ヨシエビ体長約15センチで、主に中海に生息しています。宍道湖や中海では、「モロゲエビ」や「本庄エビ」とも呼ばれ、宍道湖七珍のひとつとしても有名なエビです。しかし、近年は数が減っており、市場では高値で取引されています。また、普段は砂の中に潜ってじっとしていますが、エサの赤虫を与えると、においをたよりに活発に泳ぎまわります。ぜひ、じっくり観察してみてください。

8月 ミズクラゲ (旗口クラゲ目ミズクラゲ科)水槽No.18

ミズクラゲお盆の時期になると、海でクラゲを見ることが多くなります。その多くはミズクラゲという種で、傘の部分に白く透けた四つ葉のクローバーのような形があるのが特徴です。これはミズクラゲの胃と生殖腺です。まれに胃の数が、4つではなく、5つや6つのものもいます。海で見かけた際は、ミズクラゲの傘に注目してみてはいかがでしょうか。
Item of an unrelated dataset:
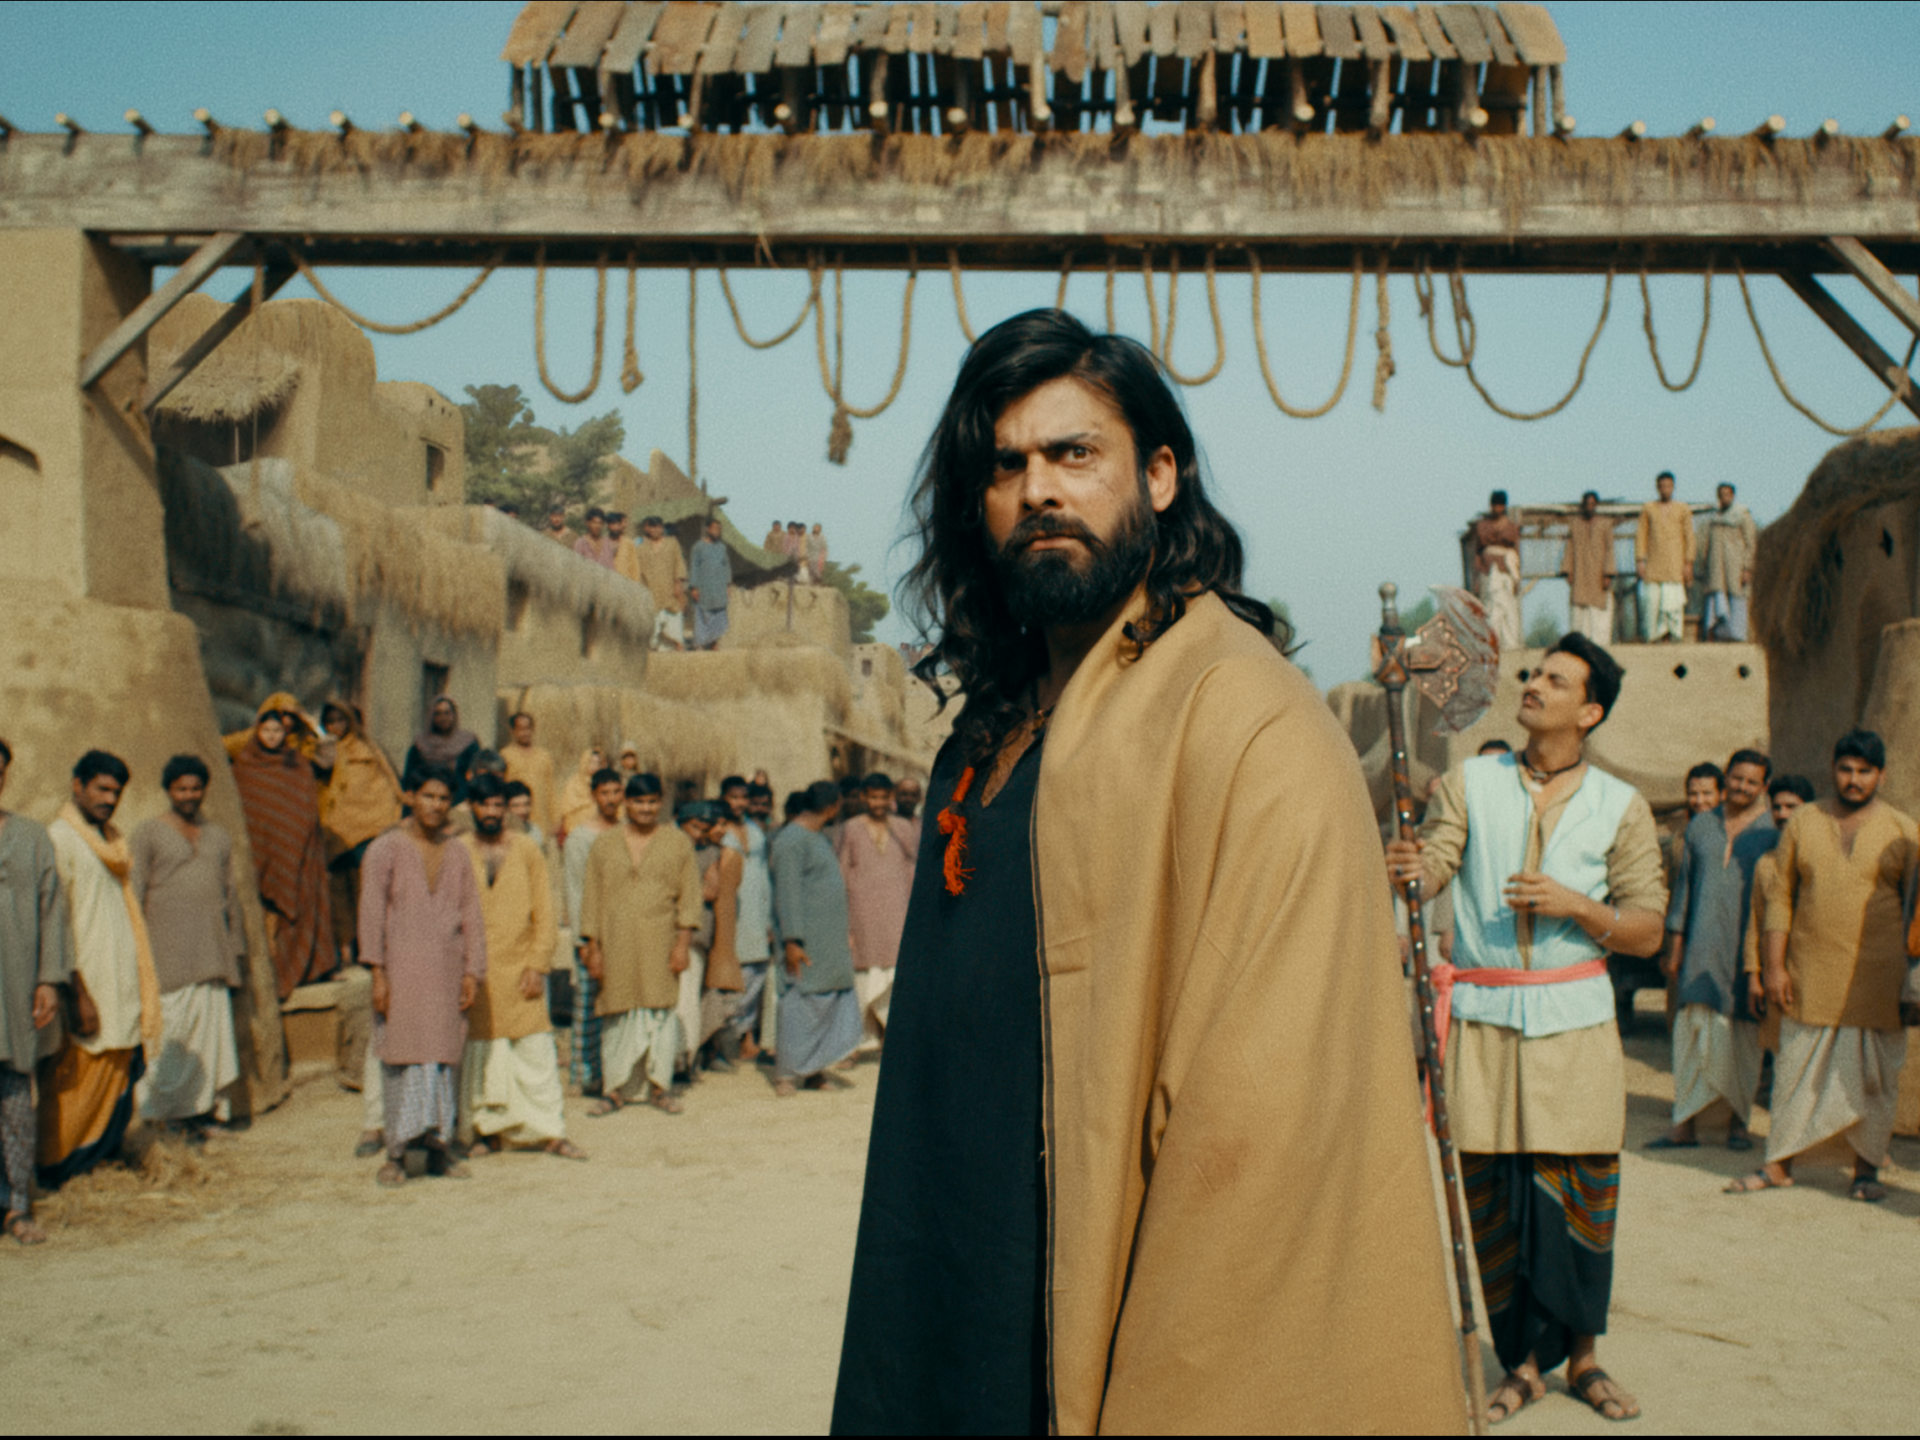 Un film pakistanais sortira en Inde après 11 ans de retour de flamme |  Actualités Arts et Culture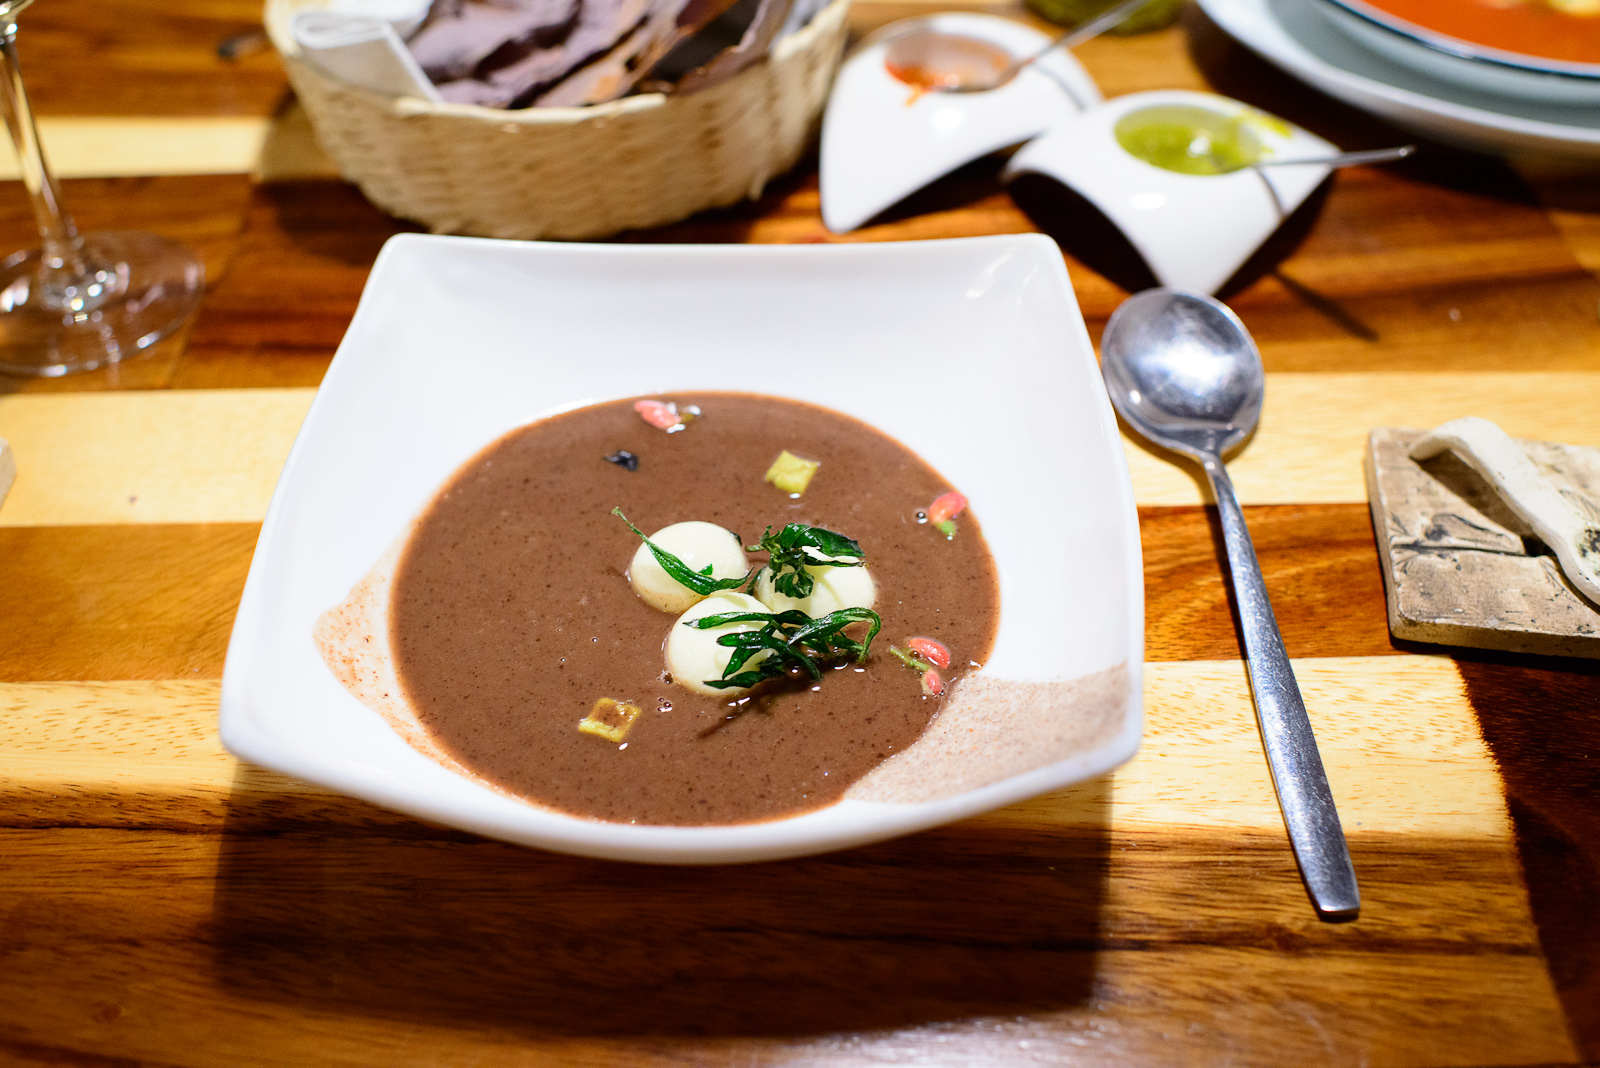 3rd Course: Bean soup - Avocado, "hierba de conejo" Zapotec herb

7月 カムルチー (スズキ目タイワンドジョウ科)水槽No.45

カムルチー中国大陸や朝鮮半島が原産の外来種であるカムルチーは、最大で80㎝ほどにもなる大型の肉食魚です。日本ではタイワンドジョウと共に総称で「雷魚」とも呼ばれており、海外では顔つきがヘビに似ていることから、スネークヘッドなどと呼ばれています。 名前や見た目から怖いイメージもあるかもしれませんが、ぜひ実物を見に来てください。


6月 カジカガエル (アオガエル科カジカガエル属) 水槽No.48

カジカガエル全長4~7cmで、本州、四国、九州の河川や渓流周辺に生息します。4月から7月の繁殖期を迎えると、岩の下などに潜って産卵します。また、成熟したオスは、鹿に似た声で鳴くことから、「河鹿蛙」とも呼ばれます。ゴビウスでは、夕方になると鳴き声を耳にすることがあります。

5月 ニホンイトヨ(トゲウオ目トゲウオ科) 水槽No.41

ニホンイトヨ5月5日は「こどもの日」。今回はゴビウス生まれの「ニホンイトヨ」を紹介します!「ニホンイトヨ」は島根県レッドデータブックに絶滅危惧種と選定され、かつては宍道湖や中海で見ることができましたが、近年はその姿をほとんど見ることができません。ゴビウスでは、館内で繁殖させ、生まれた個体を展示しています。この機会に貴重な姿を見てみてはいかがでしょうか。

4月 スミウキゴリ(スズキ目ハゼ科) 水槽No.28

スミウキゴリ去年8月ごろから展示を始めたスミウキゴリは、当初は3センチほどの大きさでしたが、今では大きく成長し、はっきりとした婚姻色も確認できるようになりました。普段、水槽低層でホバリングしながらフワフワと泳いでいます。急に水槽に近づくと驚いて物陰に隠れてしまうので、観察する際は、水槽にゆっくりと近づくと良いですよ。

※今月の生きものバックナンバーです。現在は水槽No.が変更になっていたり展示を終了している場合があります。予めご了承ください。